В первый же вечер заговорили о событиях, окружавших встречу Наташиного деда с Оленькой Оболенской. Иван Антонович вёл повествование о событиях той поры, пока не понял, что слушатели совершенно ошеломлены его рассказом. «Как это я умудрился сразу же переборщить с воспоминаниями своими?», — сокрушался Иван Антонович, намереваясь впредь щадить слушателей и подавать прошлое к вечернему чаю небольшими порциями. Впрочем, эти его благоразумные намерения так и остались лишь намерениями.

На следующий день Наташа с энтузиазмом продолжала демонстрировать гостю русское гостеприимство, но уже без того первоначального волнения, из-за которого её услужливость в первый день, нет-нет, да скатывалась в нечто напоминающее угодливость. Иван Антонович ни минуты не сомневался, что избыточное внучкино старание объясняется не только непривычными для неё обязанностями хозяйки — осознаёт она это сама, или же нет, но граф произвёл на неё сильное впечатление. И это было немудрено: Батурлин мужчиной являлся, что называется, видным, и умел себя преподнести.
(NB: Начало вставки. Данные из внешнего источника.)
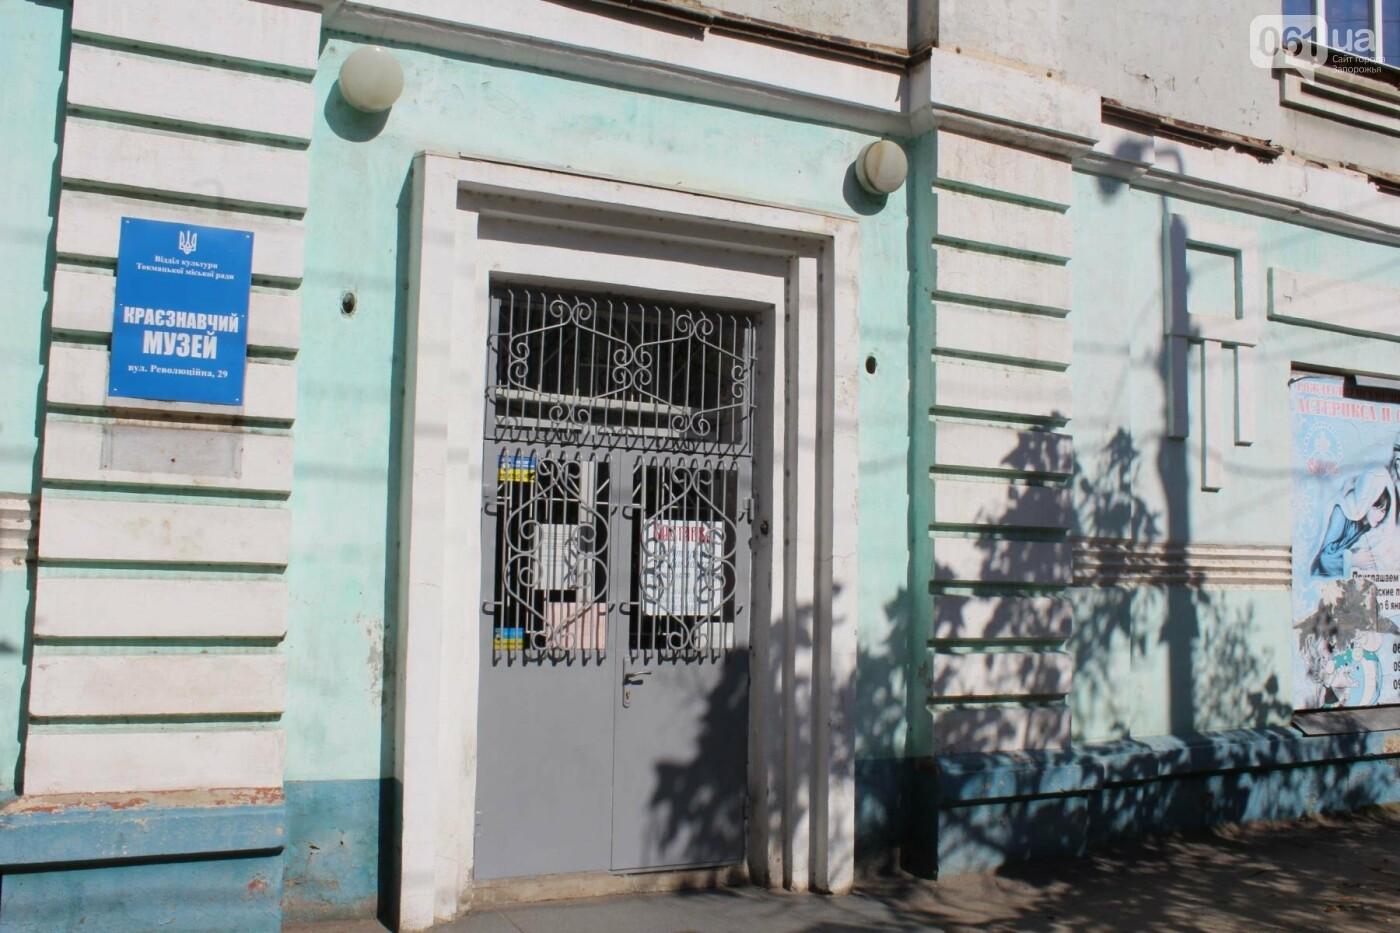 Как там в Токмаке: репортаж из официально депрессивного города, фото-49

Другое дело, что в Батурлине не замечалось встречного движения в Наташину сторону. Несмотря на разумные доводы, вчерашним вечером им же самим приведённые внучке, Иван Антонович был немало удивлён вежливой отстранённостью гостя. Перед своим приездом Батурлин неоднократно звонил из Парижа, и каждый раз в его голосе звучали нотки радостного возбуждения. Дед очень надеялся, что Батурлин взволнован предстоящей встречей не только с Родиной, но и с его внучкой. Однако из вагона на платформу загряжского вокзала вышел до крайности сдержанный и закрытый человек. С Наташей граф держался приветливо, но даже самый многоопытный знаток куртуазных дел не заподозрил бы в его ровной любезности намёка на мужской интерес. Да бог с ним, с французом этим, думал Иван Антонович, главное, что Наташа оживилась.